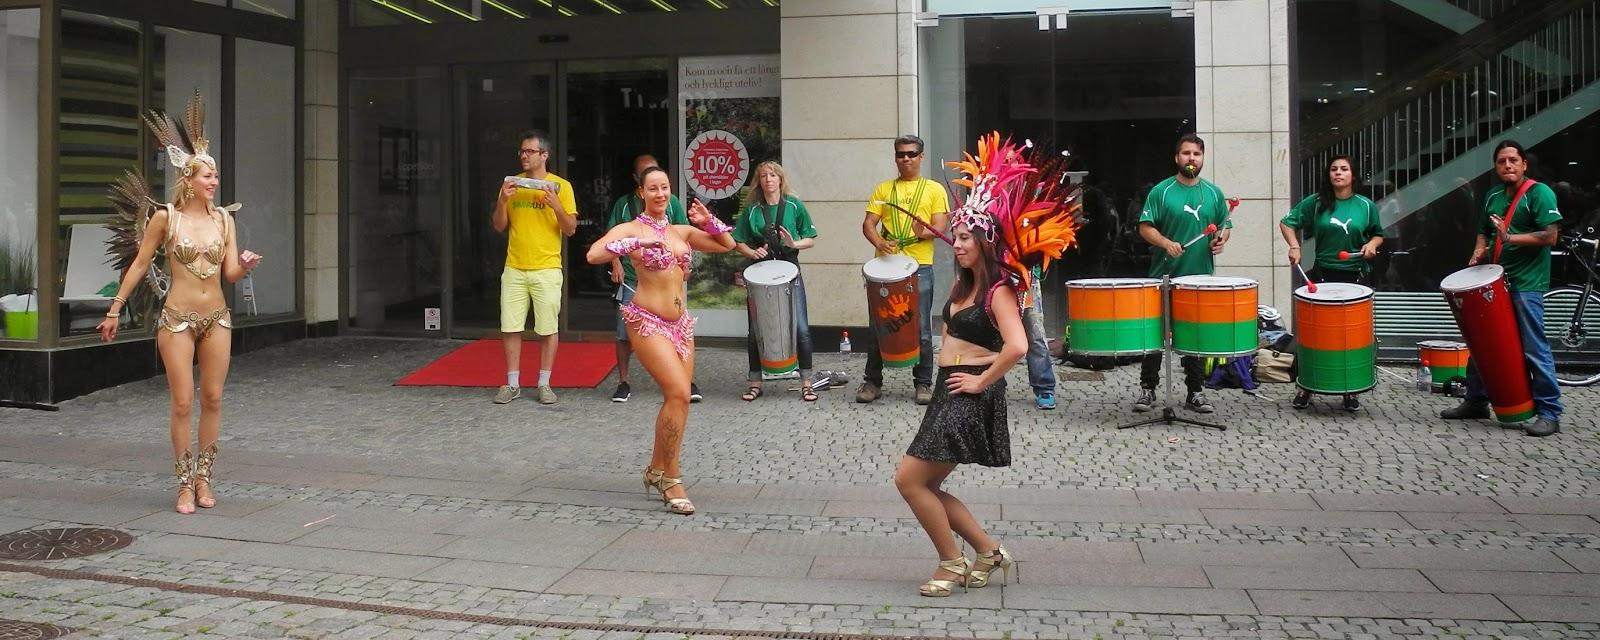 par arab dansa i Malmö
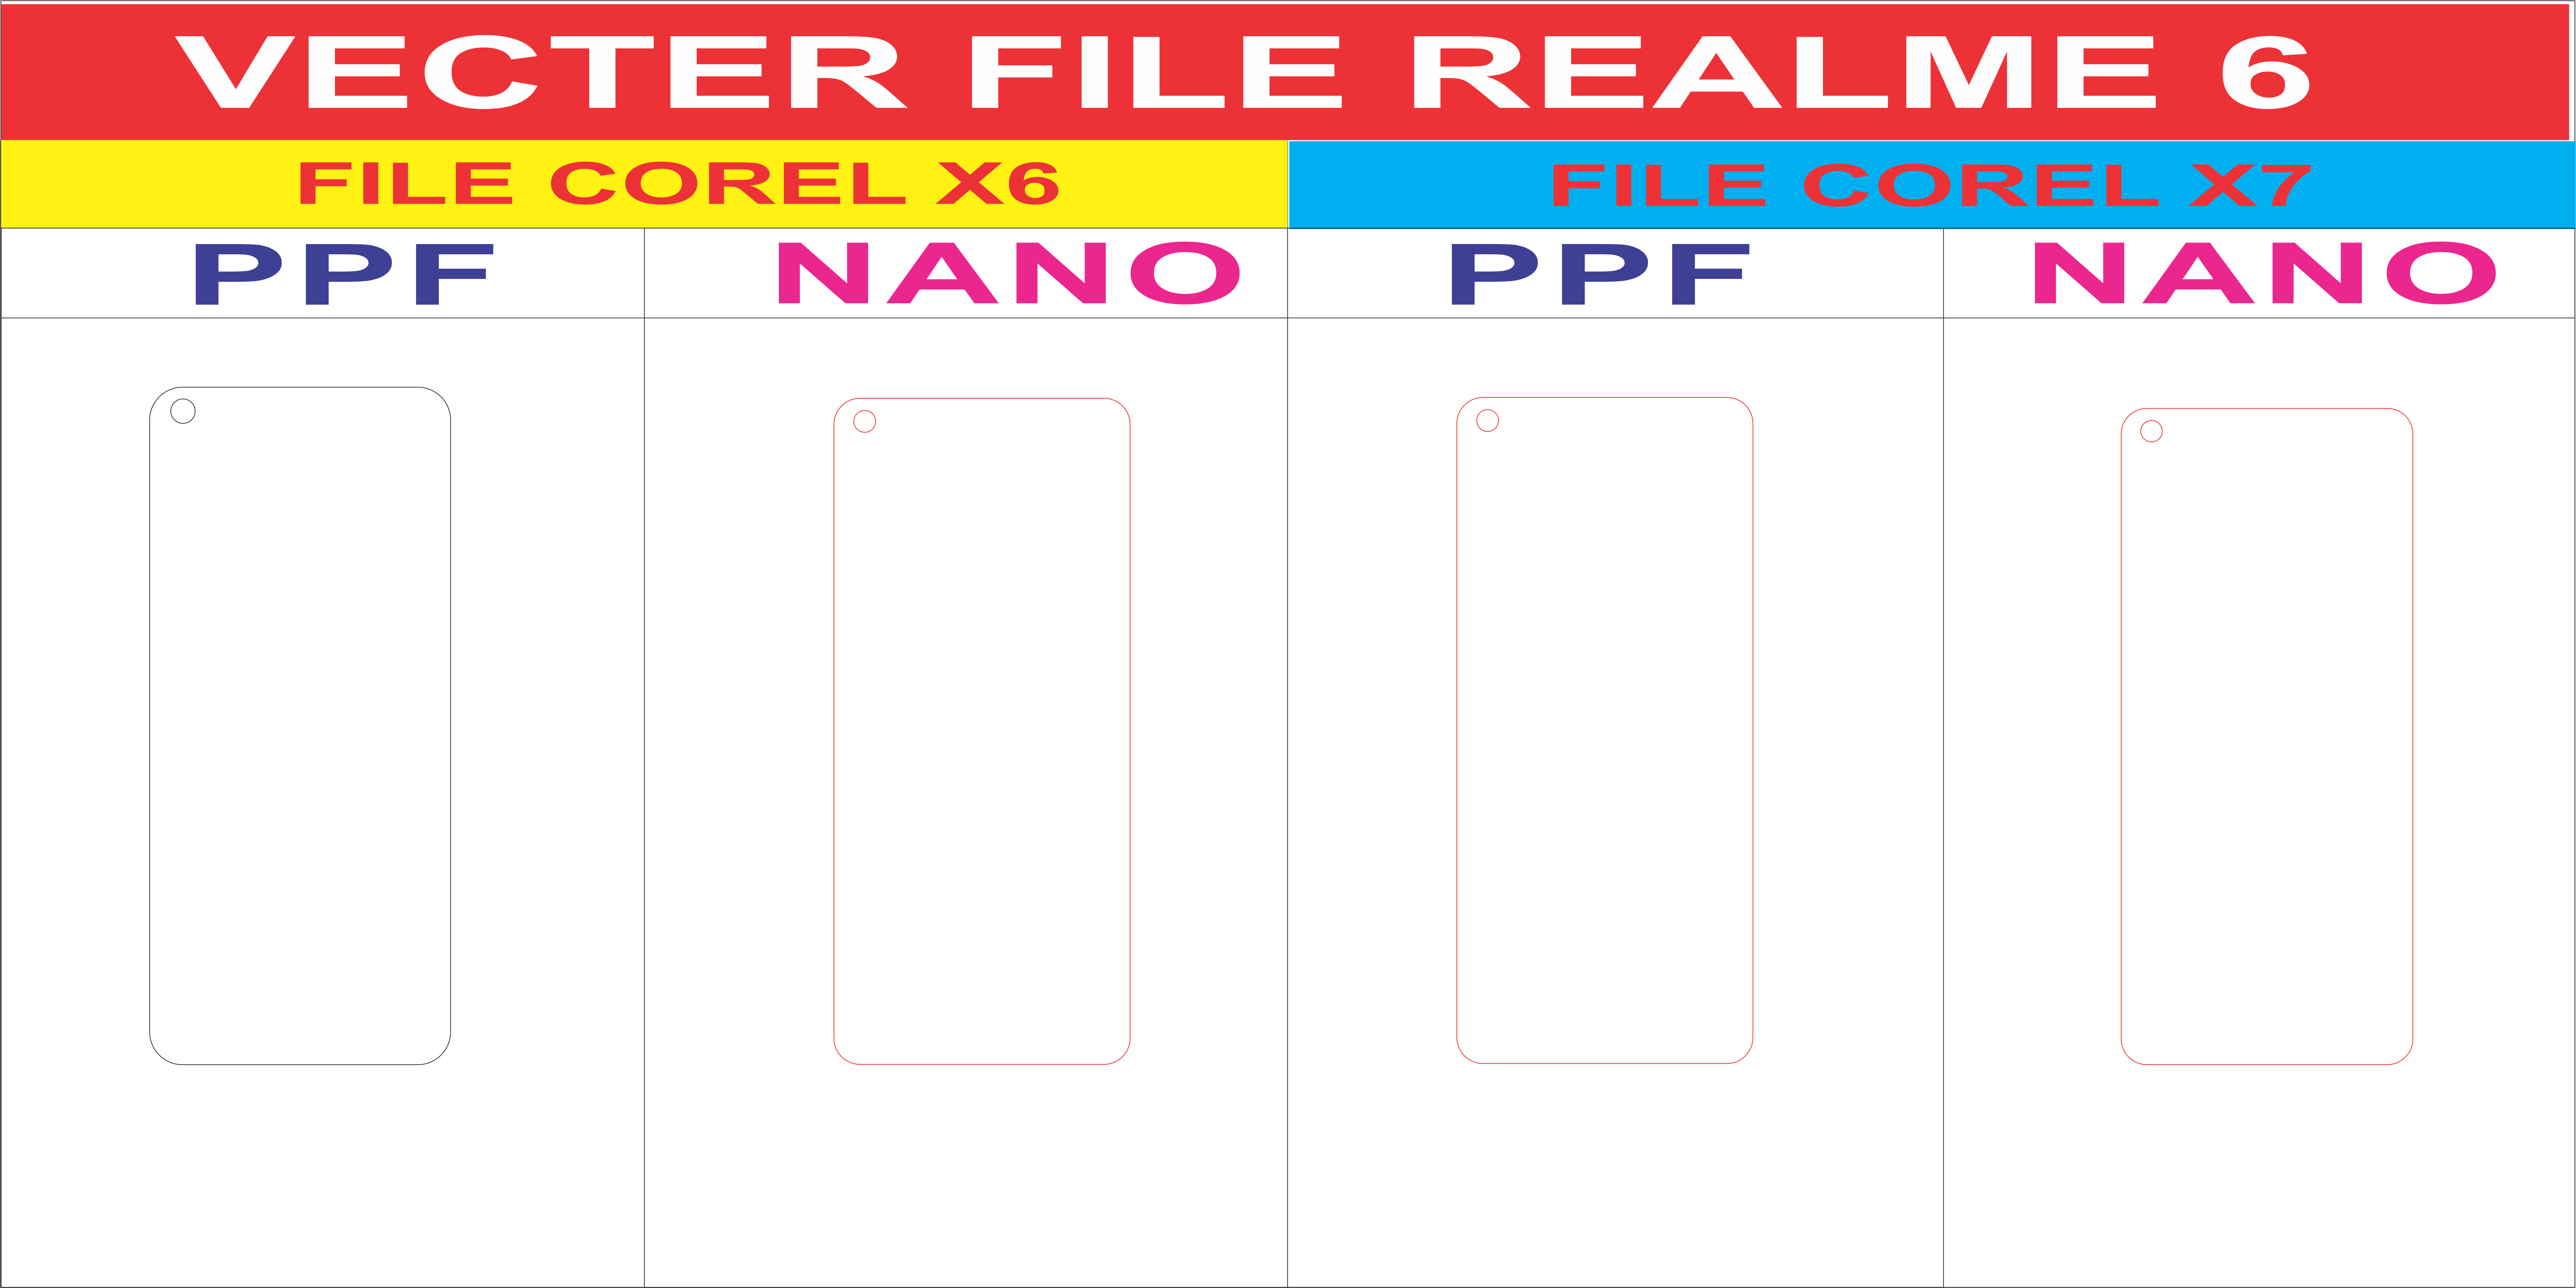 Free File Cường Lực REALME 6 Template Vector
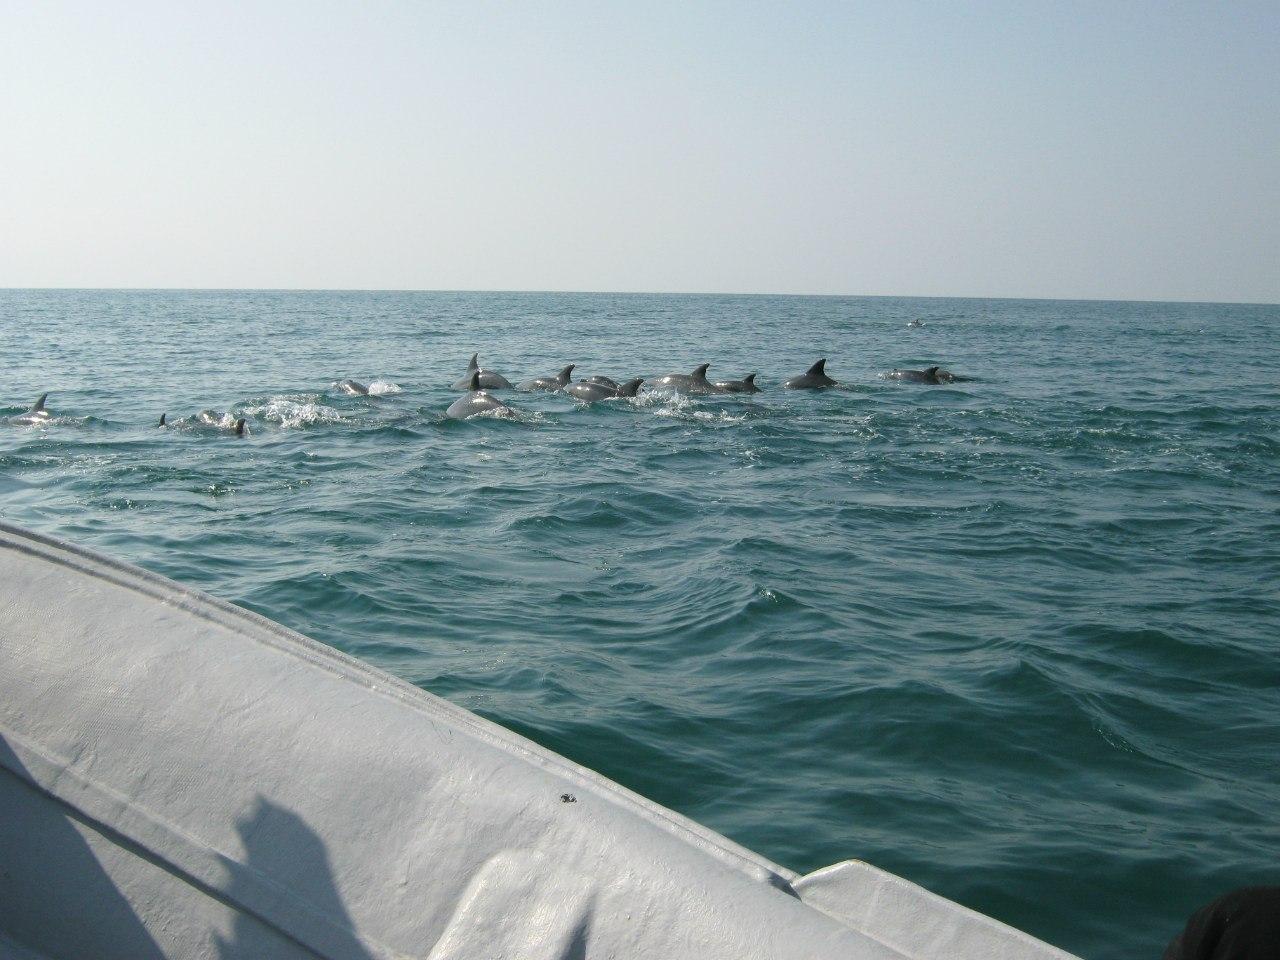 зрелище с дельфинами между островами Кешм и Хинган

-------

What to produce
Transcribe the material as is, with images omitted.

Task answer
 par arab dansa i Malmö
 Free File Cường Lực REALME 6 Template Vector
 зрелище с дельфинами между островами Кешм и Хинган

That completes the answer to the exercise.